Don't finalize a character design until the story is done. Reiterate and stay flexible as much as possible.

While I had a good idea of each of their personality, I didn't end up showcasing a lot of it in their character design. My thought process was mainly "if they look distinct enough from each other, their personalities will further carry their uniqueness". While true, it doesn't help that I completely missed the potential for some solid and clear character designs, which would have definitely enhanced the clarity and consistency of the comic.


Make sure the comic fully resonates and inspires you at the start instead of forcing it to be as such after finishing the outline.

This one's more on me. There are several times that I would just completely stop working on the script because I ran out of reasons to. I was mainly pulled in by my guilt and that might be the worst circumstances for a writer to be in. Eventually, I realize that to make this worth working on, it has to resonate with me. It's telling a message that I would tell, in story form. While most likely not the best solution, it did end up pushing me to make it the best as it can be. It didn't start as a story that I resonate with; initially, it was more so an extension of an idea. An idea that I really didn't care about that much.

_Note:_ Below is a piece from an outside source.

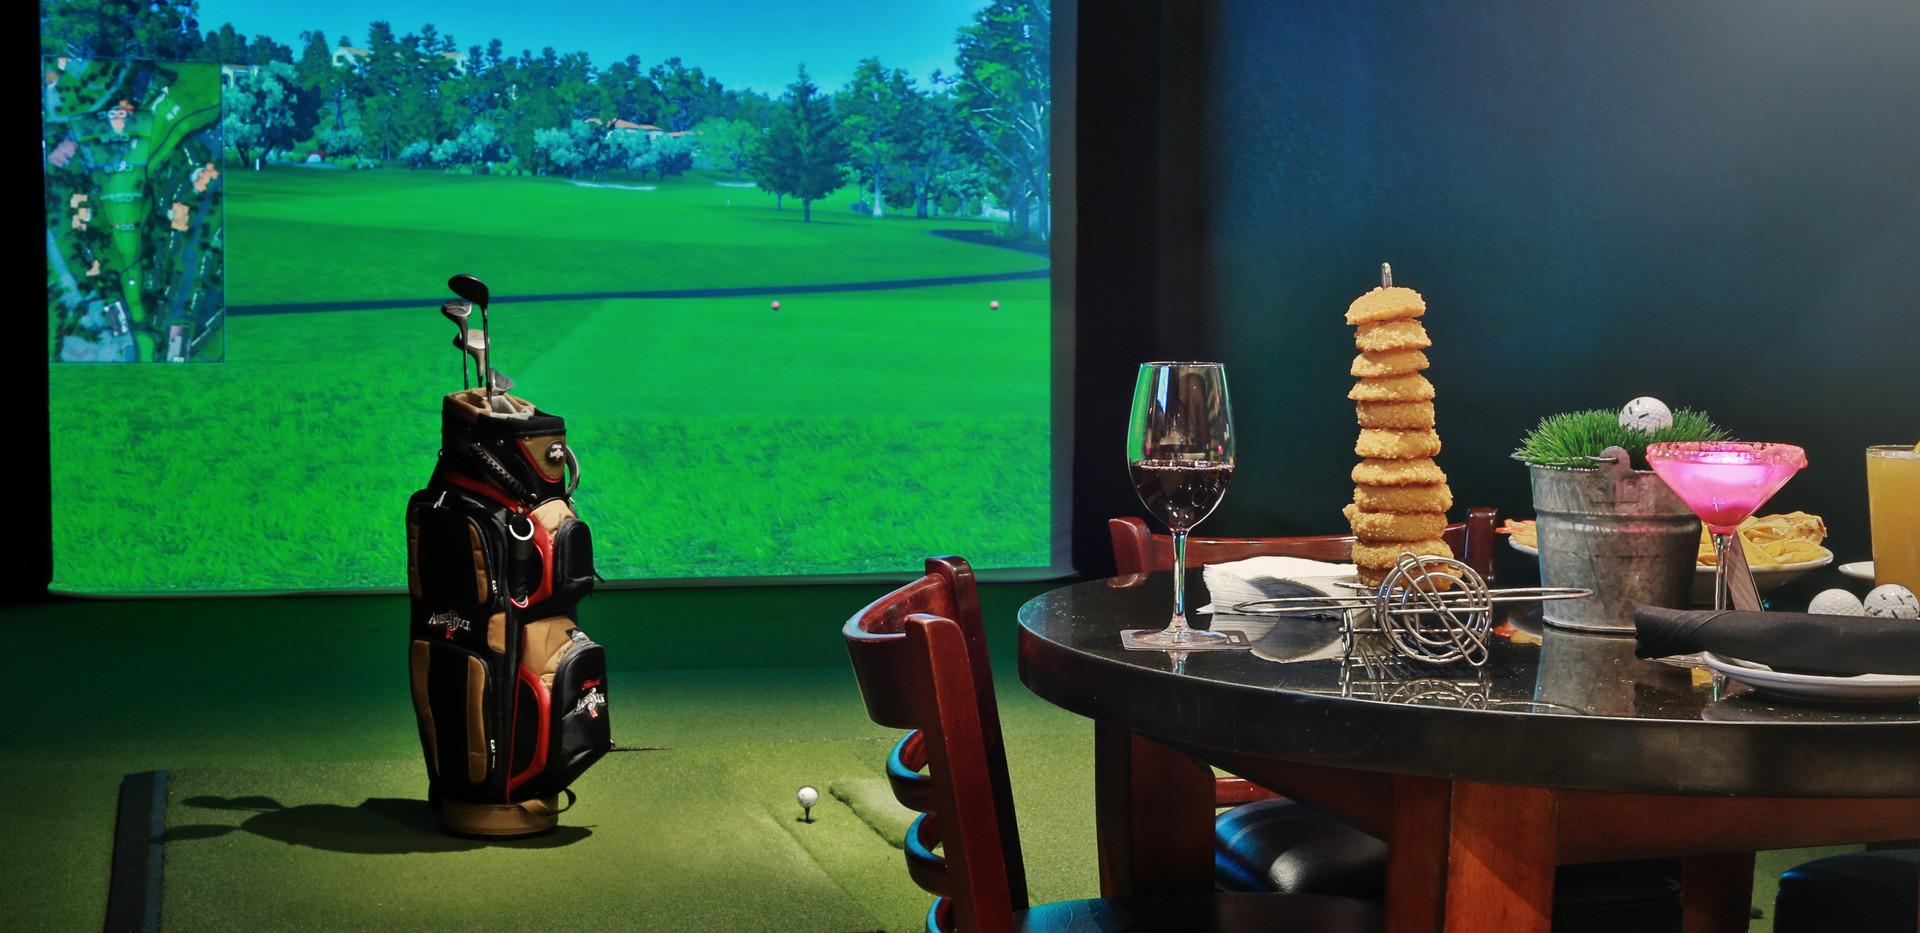 Maggie Mcflys Indoor Virtual Golf.jpg

The long period of time that I wasn't fully motivated in working on it was brutal and might probably the leading cause of wanting to give up on a hobby. And it almost made me give up. Fortunately, during the writing process; I requested feedback from more than 30+ individuals. They all said that the story had a lot of potential and is on its way to being perfect. While I don't believe the latter part, I still do think it was worth working on, and eventually, I decided to make it worth working on for myself. Clearly, the story is good enough to be worked on but I specifically don't have the urge to work on it. I just needed to artificially create that urge by making that the heart of the story. Telling the message I want to tell.


The protagonist should always be the person the reader is cheering on. And they should be with their journey throughout, and never against them.

Even though this lesson doesn't necessarily apply to my story because of the type of arc it's tackling; it's always important to think about how the reader would react to the actions of the protagonist and why they should care. At the start, the antagonist was the only interesting part of the story so I would only work on them. But as time goes on, half the feedback I consistently get from volunteer readers is that they don't care or they dislike the protagonist. While it's not necessary for the readers to like the protagonist; it is crucial for them to care about what they're doing. I had to completely rewrite the protagonist's arc to pertain to this. Albeit I did the exact opposite of making the character likable, I did end up achieving the goal of making their actions important to the story which really drives home the fact that they steer the plot and they have an agency with the reader.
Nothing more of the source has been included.